Edit: Found it in Friends -> some arrow button on the top-right -> Sync
contacts -> Enable. So you can go there if you want to enable/disable the
feature.

When I installed the app, Facebook didn't even ask me if I wanted to enable
it. I actually manually typed all of my contacts instead. I wish I knew about
it before :(

------
01Michael10
I don't have a mobile phone so it only shows my Facebook friends who publish
their numbers. Nothing to see here...

My phone number is the only public piece of information I have on Facebook.
That's only because it's a Google voice number which is the best thing since
sliced bread.

------
anonymoushn
When you delete your facebook, all you friends who were using this will no
longer know your phone number.

------
s1rech
For the iPhone, if you want to check if you are sharing your contacts, open
the Facebook app, go to Main Menu > Friends, click the icon on the upper right
and then Sync Contacts.

I believe the syncing option is off by default

------
altano
Facebook only has phone numbers posted by my friends themselves and my Windows
Phone syncs my Facebook contacts. Bi-directional sync of your phone's contacts
back to Facebook appears to be an iOS/Android only thing.

------
jeffreymcmanus
Every iPhone application can also access your entire phone book, too.

------
dmazin
You can see specifically who has been imported and delete them here:
<http://www.facebook.com/invite_history.php>

------
dendory
I have my number in Facebook, but my friends dont see it (I checked) so this
happens only for people who actively published their phone number, or a
'friend' did it for them.

------
nysv
Wrong. I have used the facebook app on Nokia symbian phone, but I only see a
short list of friends who have shared their number. Not even close to being a
full address book.

------
lukeschlather
That's rather helpful actually. I just wish it matched my Gmail contacts. (And
since I synced both to my Droid, you would think they would match.)

------
Navarr
Most annoying. It makes no attempts to delete multiple contact data.

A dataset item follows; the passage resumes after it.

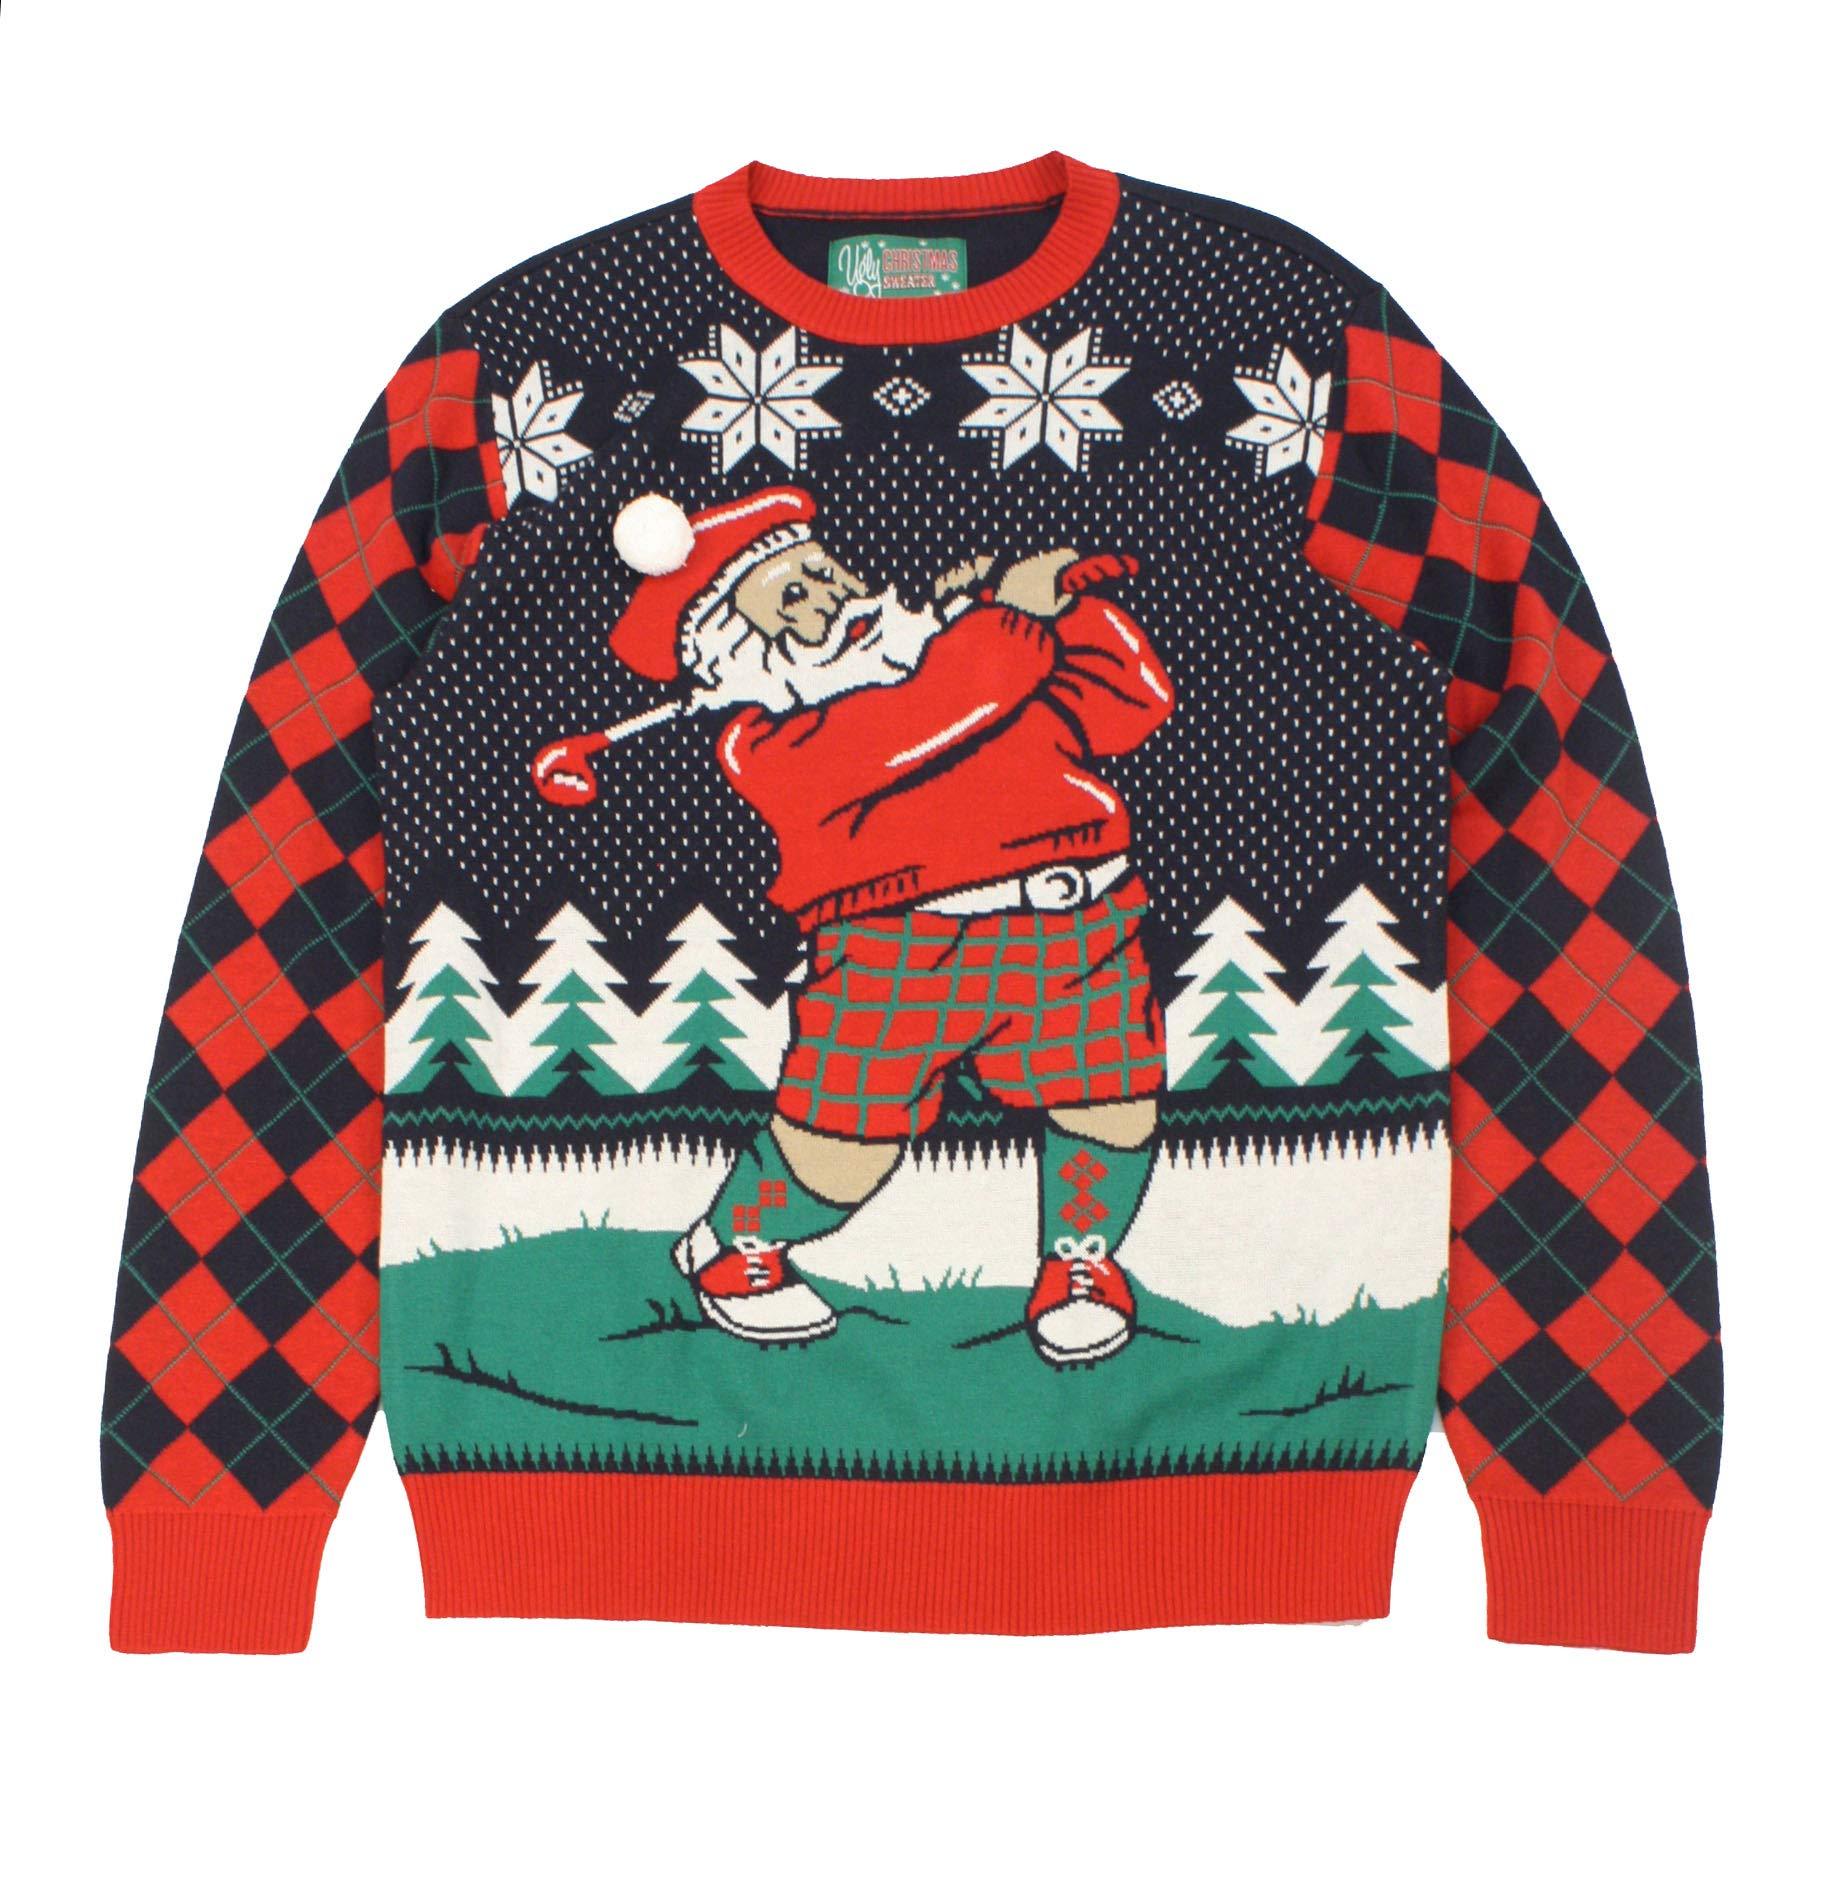 Plus Size Ugly Christmas Sweater.Ugly Christmas Sweater Plus Size Women S Golfing Santa Sweatshirt
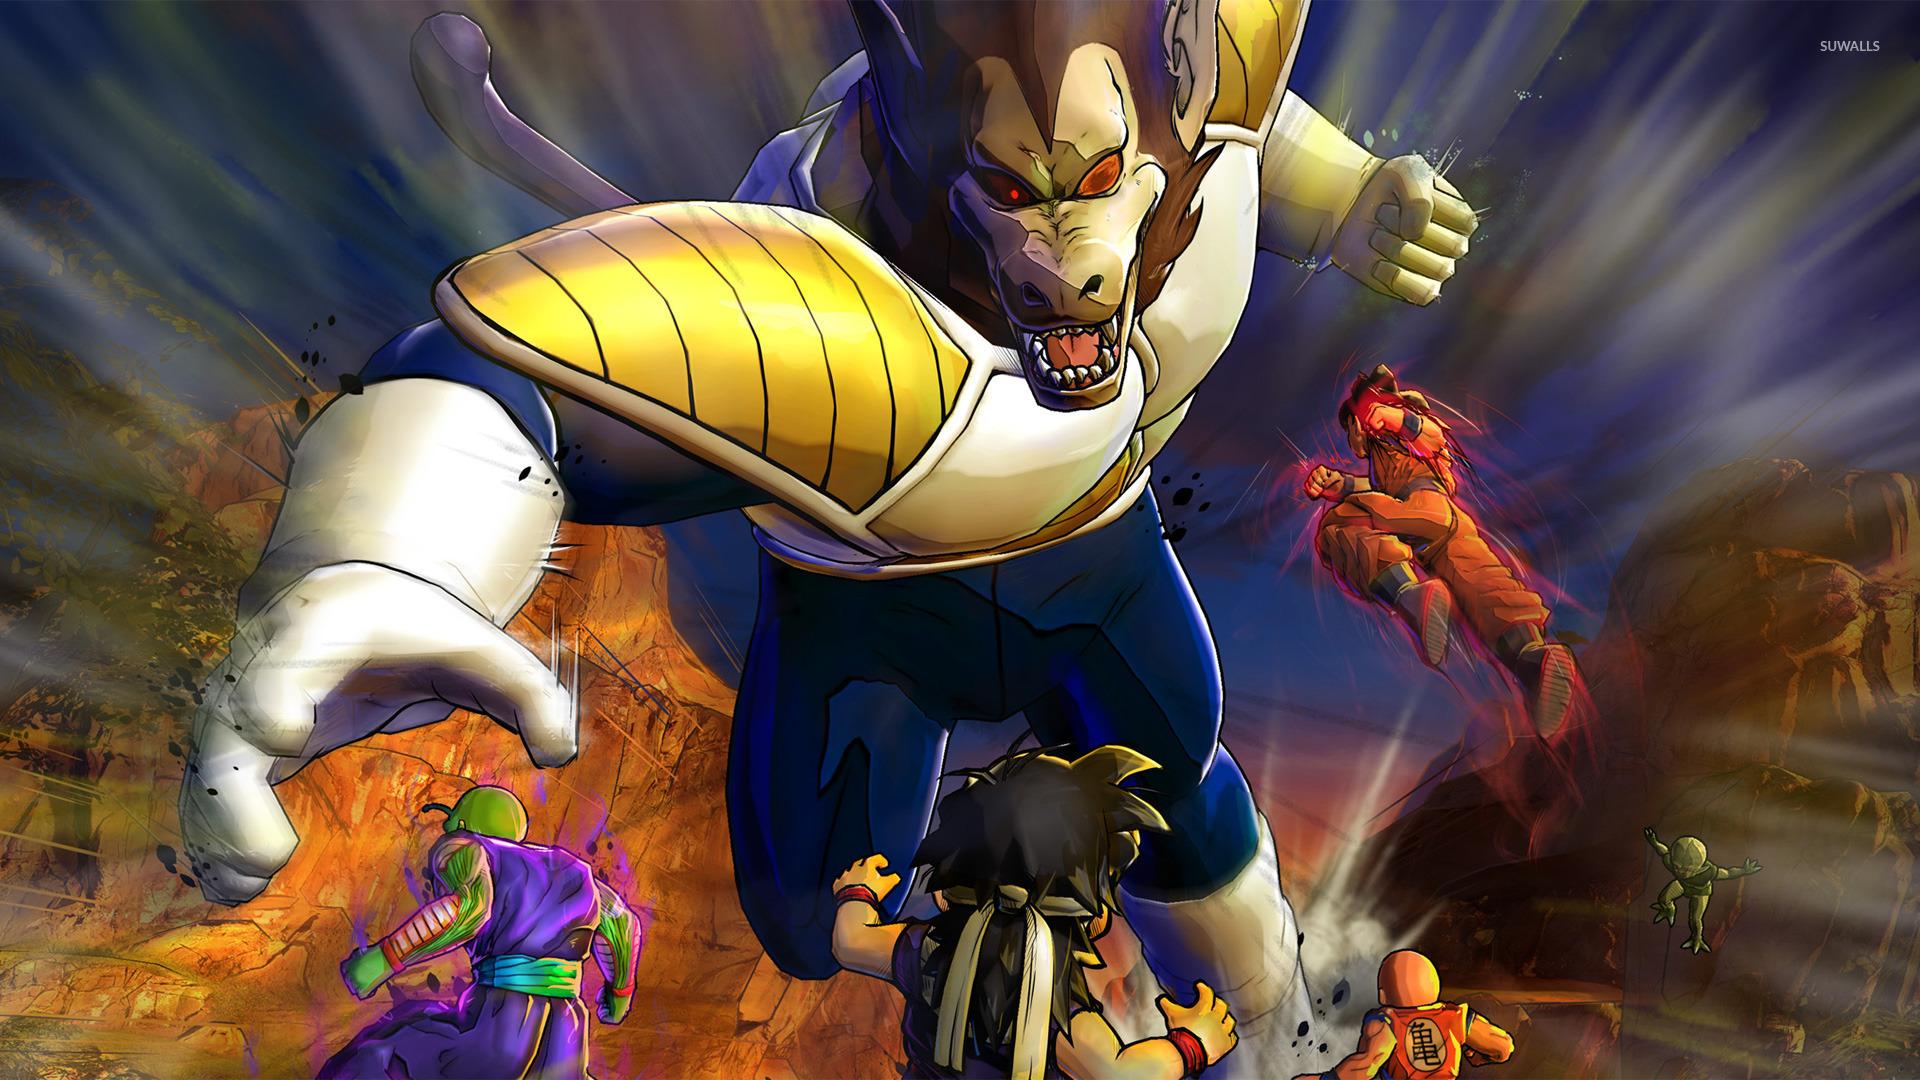 Dragon Ball Z Battle Of Gods Wallpaper Anime Wallpapers 24322

From all
the syncing each non-facebook contact has 13 listings!

------
alantrrs
I don't think that's my _complete_ phonebook

------
sek
9 of 170 friends, not very complete.

------
sjs
Since when are submissions requiring me to register or sign in ok on HN?
Flagged.

If you wanted to make some point by posting this link you should have written
your thoughts down somewhere and linked to that instead.

------
Luuucas
it's only available if you have an iphone and use the facebook app (not sure
about android)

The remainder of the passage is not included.